Développement durable 06.01.2014

Le Val-d’Oise protège sa biodiversité

Avec 13 places gagnées depuis 2011 au Palmarès national de l’écologie, le Val d’Oise est récompensé de ses efforts pour l’environnement. Le Conseil général n’en reste pas là. Il poursuit son action avec l’élaboration de sa stratégie départementale en faveur de la biodiversité pour la période 2014-2020. Après diagnostic, un projet « d’engagement volontaire » pour la biodiversité sera arrêté au printemps, rejoignant la stratégie nationale. 

Certaines des actions en cours s’inscrivent déjà dans cet engagement, par exemple la reconquête des zones humides comme les mares et les roselières. En 2014 sera publié l’Atlas de la flore patrimoniale du Val d’Oise dont le conseil général avait confié l’étude au Conservatoire botanique national du Bassin parisien. Les carrières d’Auvers-sur-Oise et de Saint-Witz acquises par le Conseil général en raison de leur intérêt géologique feront l’objet de valorisations.

Près de 5 000 hectares de forêts domaniales, 66 000 hectares de surface pour le Parc Naturel Régional du Vexin français, 20 000 hectares environ pour le Parc Naturel Régional Oise – Pays de France (sur 60 000 hectares couvrant 44 communes du département de l’Oise et 15 pour celui du Val d’Oise), illustrent l’immensité insoupçonnée de cet espace naturel.
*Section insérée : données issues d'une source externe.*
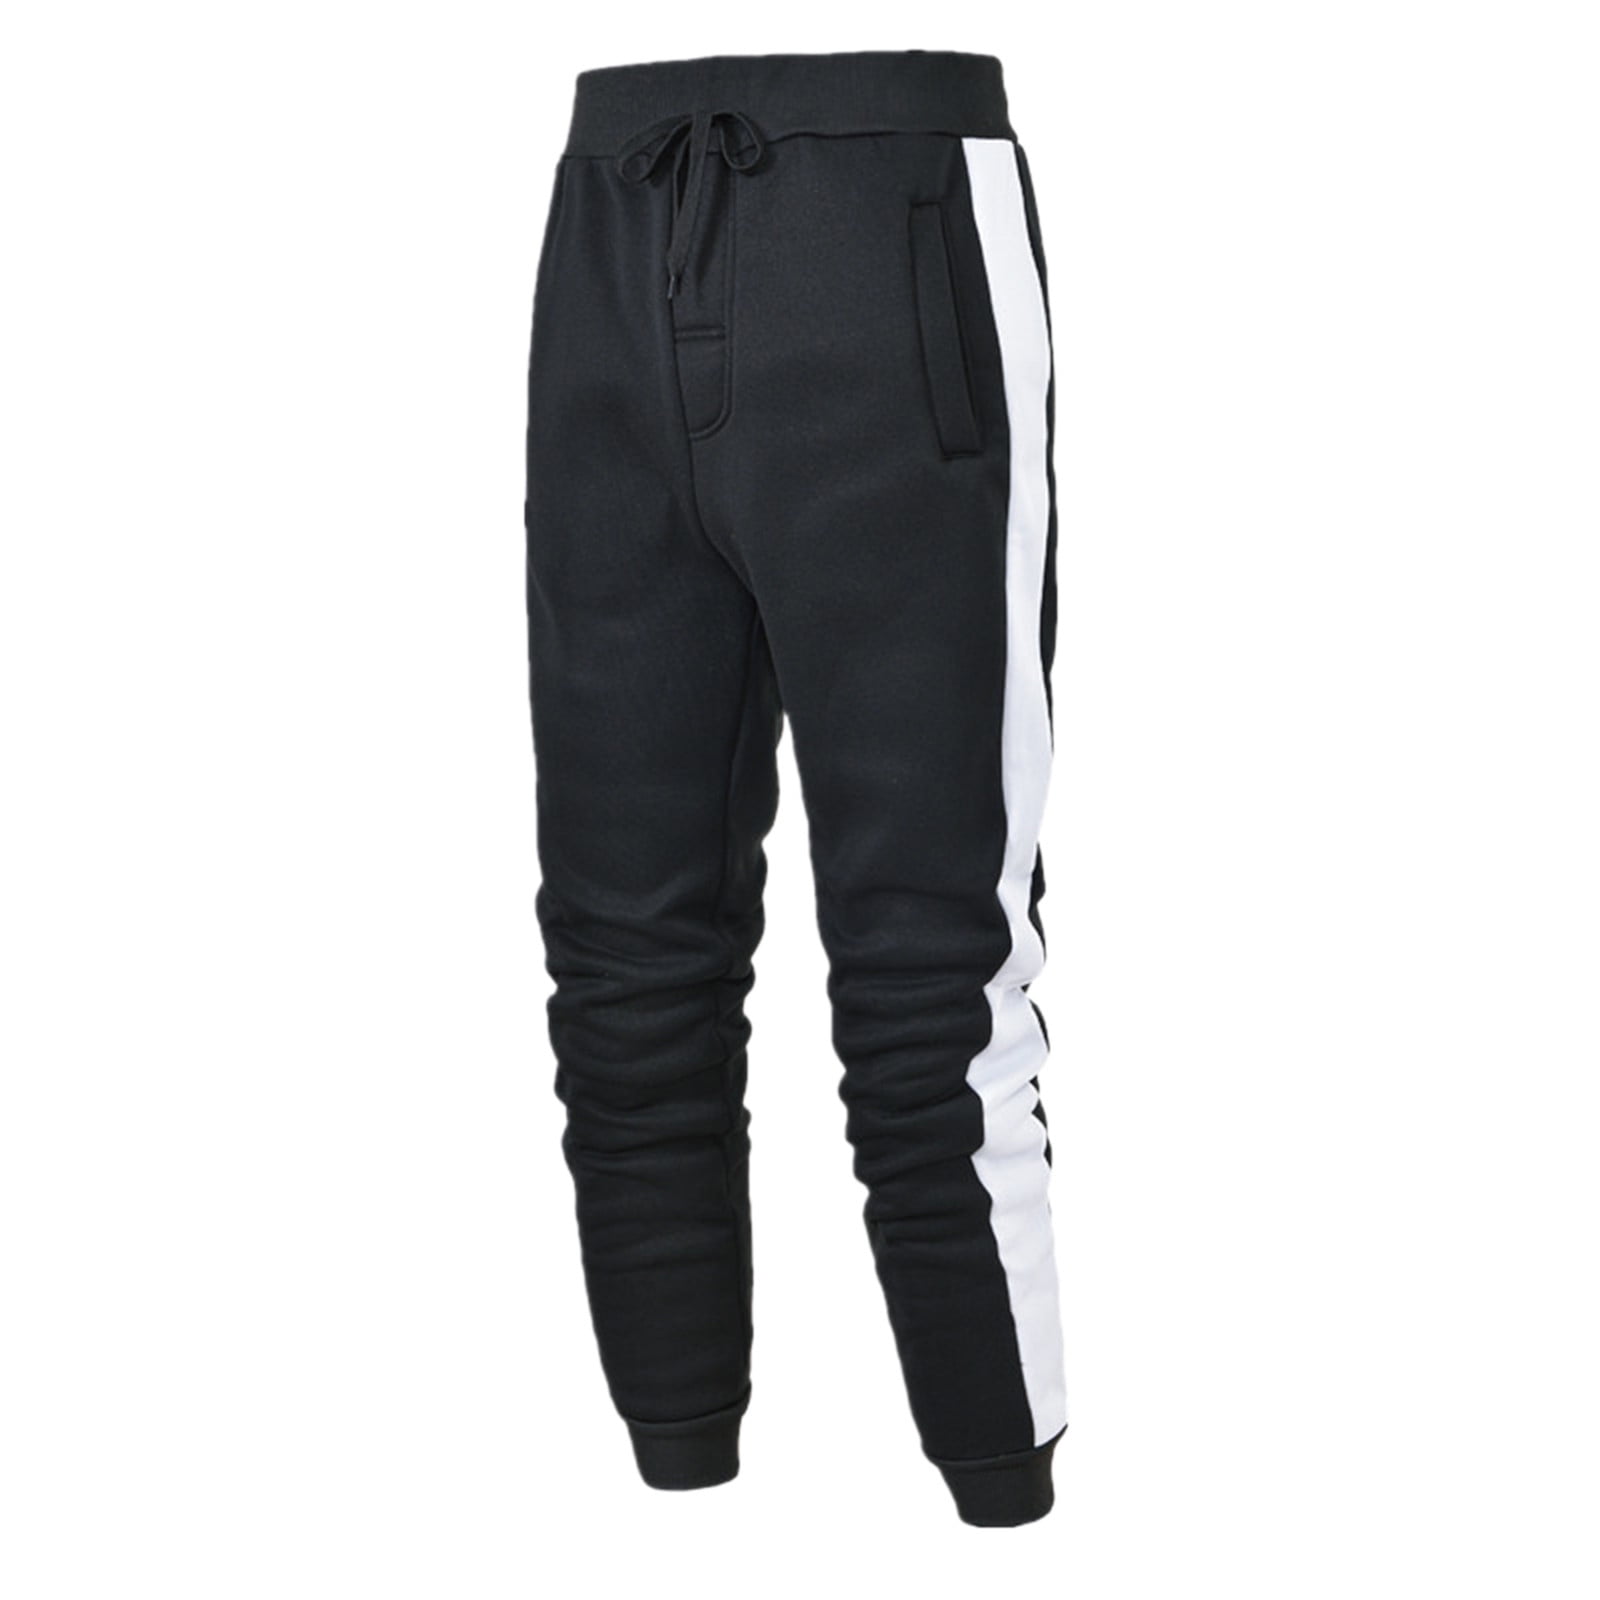 Men Hip Hop Pants Casual Spliced Solid Color Track Cuff Lace Up Workout ...

Les traditions rurales y sont encore bien présentes, les plus grands peintres y ont puisé leurs plus grandes sources d’inspiration (Van Gogh, Pissarro, Monet…), des films importants y ont été tournés et les amoureux des loisirs de plein air y trouvent sentiers et itinéraires balisés.

« Le patrimoine naturel du Val d’Oise est exceptionnel, précise Daniel Desse, vice-président du Conseil général en charge de l’Environnement, et il doit constituer un élément d’attractivité de notre territoire. En qualité de président du comité biodiversité en Val d’Oise je suis attentif à l’efficacité de notre stratégie dans ce domaine. »

Le palmarès national de l’écologie est établi à partir de huit critères qui couvrent un large champ : consommation durable, protection de la biodiversité, Agenda 21, gestion des déchets, agriculture biologique, énergies renouvelables, qualité de l’eau, qualité de l’air.